I stood there for a moment, gazing out the window, hoping for some relief from the heavy humid air in the shrine room on the third floor of the nunnery. Nothing seemed to be moving except for the sound of the nuns’ voices singing their special refuge prayer. My mind suspended itself between hunger, thirst, exhaustion, and surrendering to go back to throwing my body back on the ground to complete another prostration. I was stuck between a dying wish to quit and carrying on with knowing that everyone else in the room somehow felt the same way. Just one more prostration. Just one more prostration. Just one more.
In this paper, I will share my personal narrative of participating in a Buddhist ascetic meditation retreat called Nyungne (bsnyung/smyung gnas) to demonstrate how the body is a locus of knowledge production for compassion that can be spontaneously stimulated when recognizing other bodies experiencing similar pain. My auto-ethnography contributes to the conversation of embodied theology by showing how an embodied ascetic contemplative practice may rely upon the physical body and circumvent rational, conceptual ideas gained from cultural, philosophical, or doctrine. In this way, we can see how other practitioners may also rely upon their own embodied knowledge over other more conceptual knowledge acquisition.
Nyungne is a kriya-yoga or “action” fasting ritual of the 1000-armed, 10-faced Avalokiteśvara, (lord of compassion, Tib. spyan ras gzigs) that is intended as a purification of karma (intentional action) of the body, speech, and mind for Buddhist Tantric practitioners. The Himalayan and Tibetan Buddhist traditions identify Gelongma Pelmo (dge slong ma dpal mo, 10th – 11th cent.), a Buddhist nun who contracted leprosy, as the founder of this practice. Gelongma Pelmo was able to cure herself of disease through practicing nyungne. This practice focuses on physical ascetic performances like fasting, prostrations, refraining from speech, and meditating on Avalokiteśvara. The strict discipline and behavior are what is said to cause the progress (towards enlightenment) to occur.
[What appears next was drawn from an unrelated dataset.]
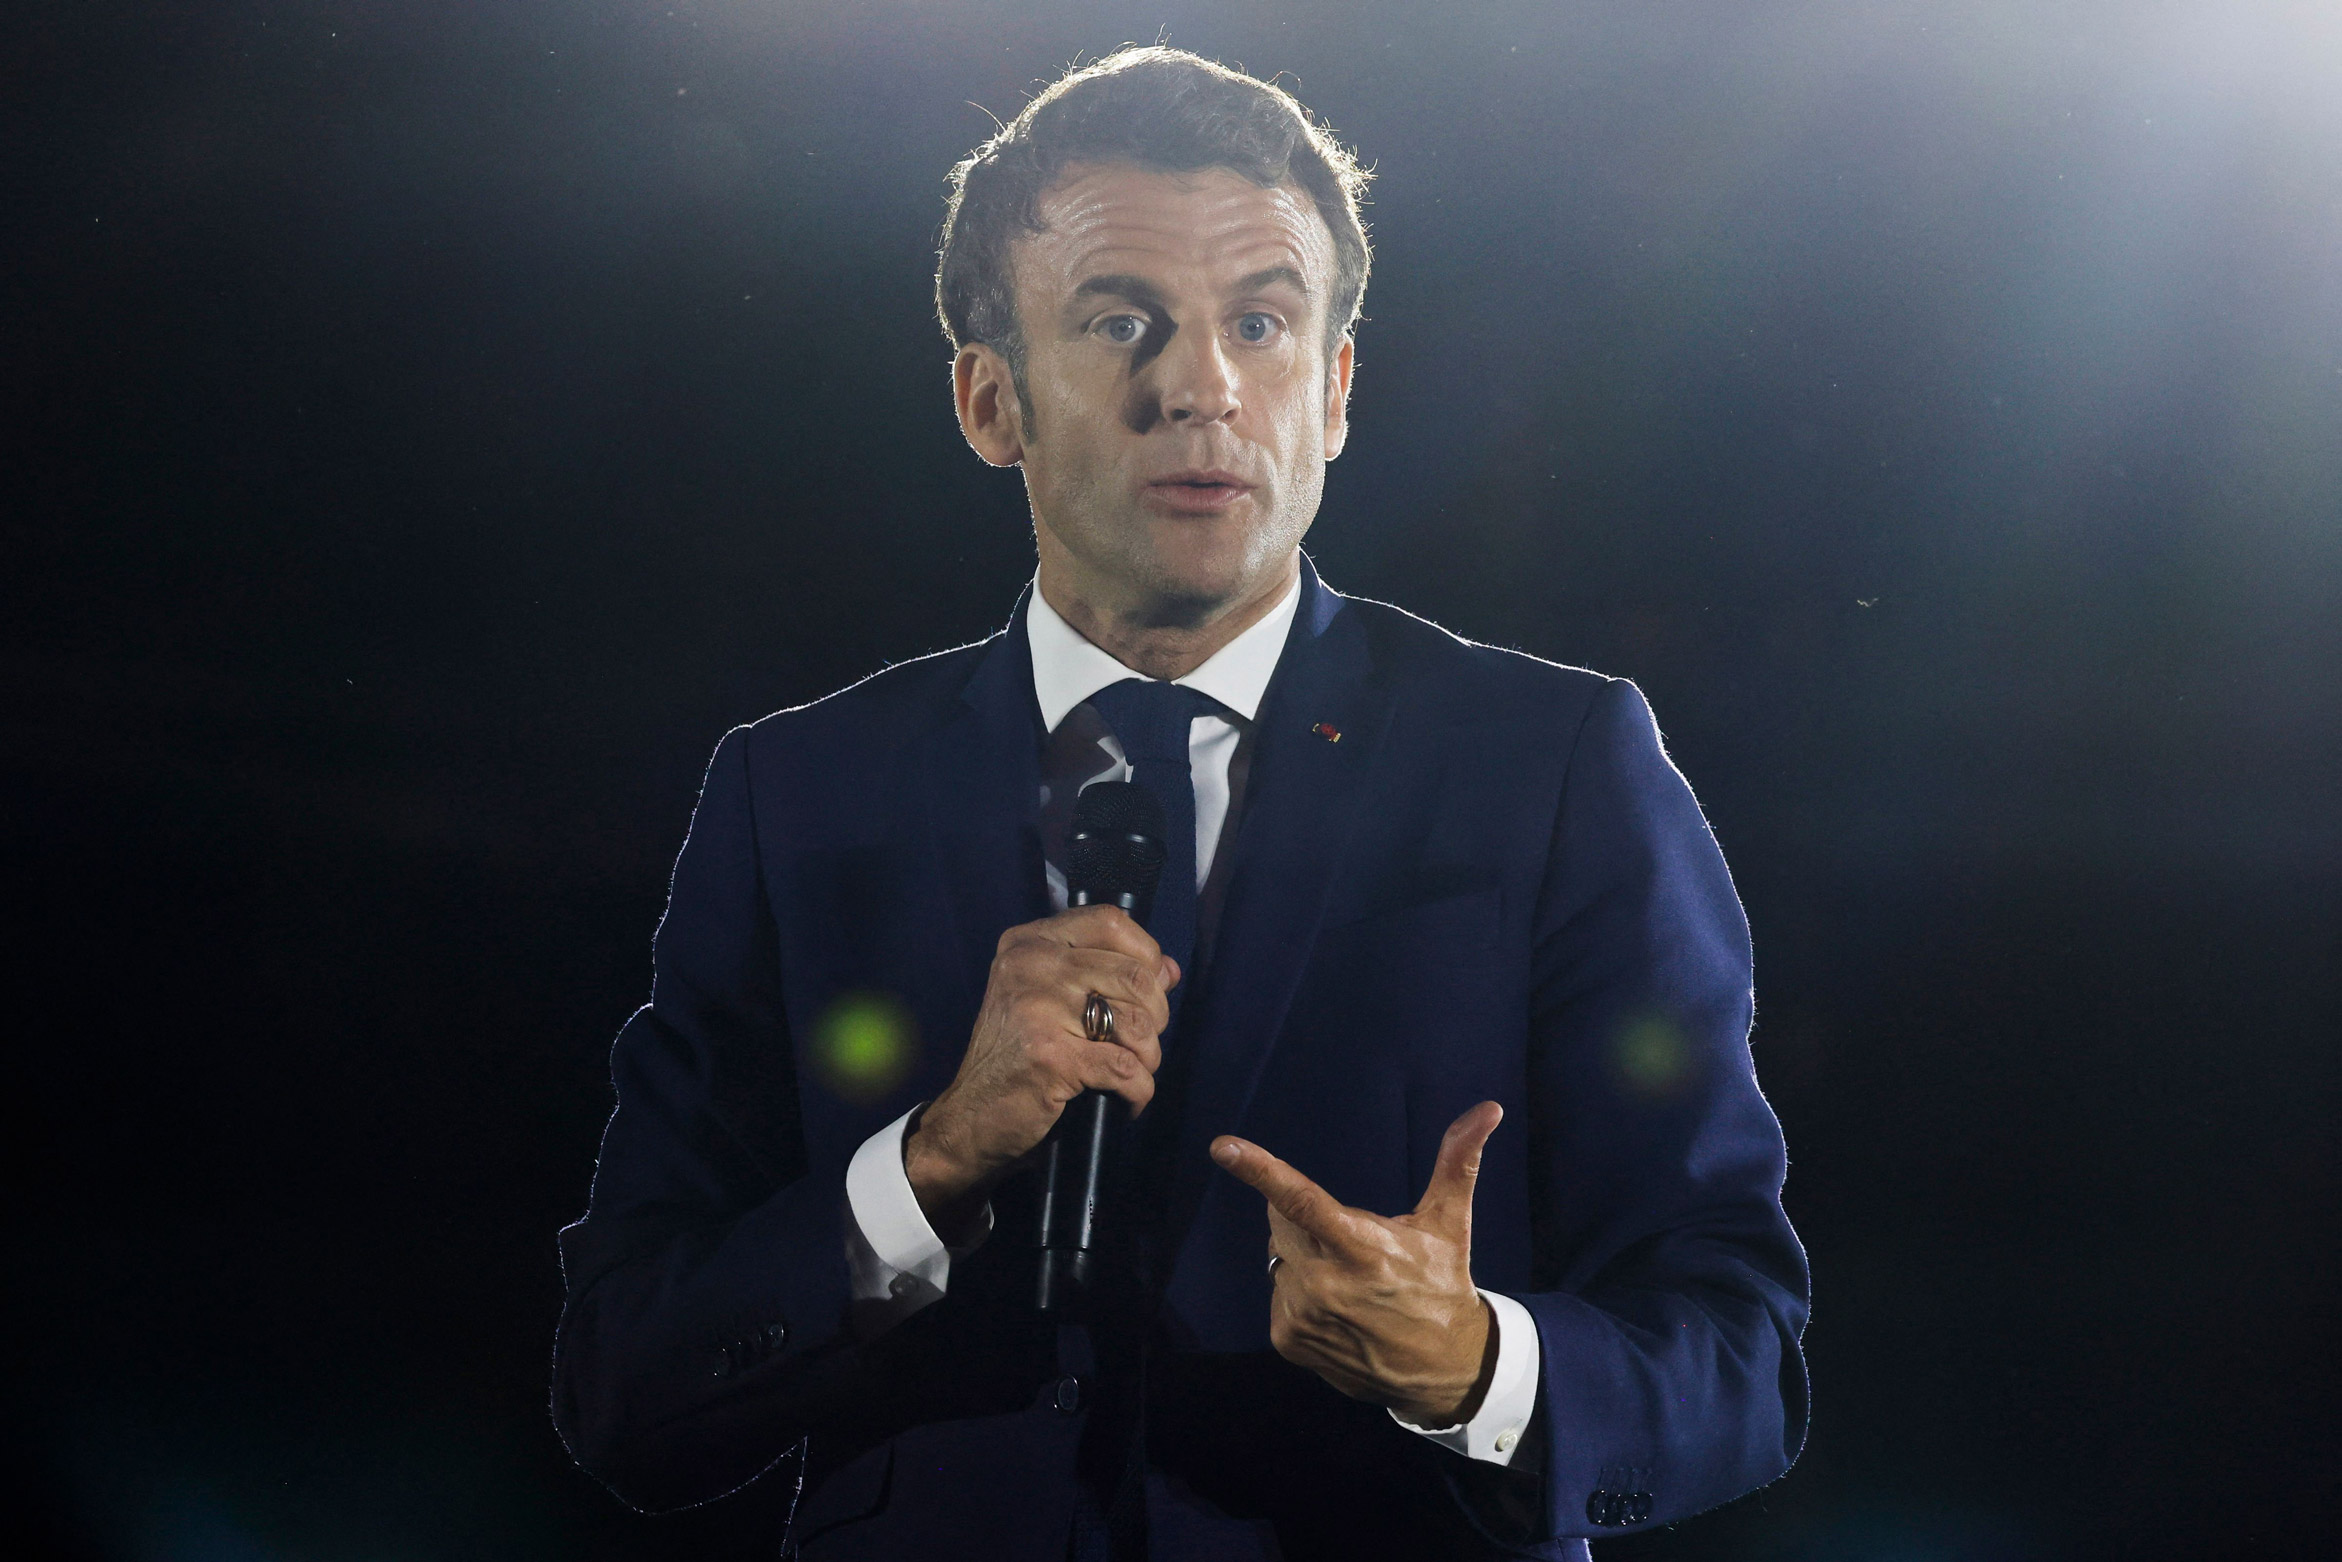 O presidente francês Emmanuel Macron discursa durante campanha eleitoral em Estrasburgo, França, em 12 de abril.

Four-thirty in the morning on the third day, I wandered into the shrine room. All of us were silent, and I floated to my place in a daze. The lights were low, and the room cool from the night. We began our prayers together as if we never were apart. Suddenly, I was offered a small pool of blessed saffron water in the palm of my left hand. I brought it to my lips, relishing that it was the best thing I ever tasted. The coolness of the sip stays with me today. I started to get up to take my vows, but a nun came over and told me that my session was up. Time to go home. On my way home from the nunnery, I was struck by those asking for money. My body responded and pulled out Nepali rupees, automatically handing the small bills over. My stomach knew their pain. Their hunger was my hunger.
This paper is an auto-ethnographic account of cultivating compassion through embodied ascetic Tibetan Buddhist practices performed during a fasting retreat called nyungne. It is an account from experiences during fieldwork at Tekcholing Nunnery in Boudhanath, Nepal 2023, where I gathered interviews and experiences of care, compassion, love, and confidence to understand how these moments are felt and experienced. This auto-ethnography contributes to the comparative conversation on embodied theology by showing how an ascetic contemplative practice may rely upon the physical body and circumvent rational, conceptual ideas gained from cultural, philosophical, or doctrine. In this way, we can see how other practitioners may also rely upon their own embodied knowledge in lieu of more conceptual knowledge acquisition.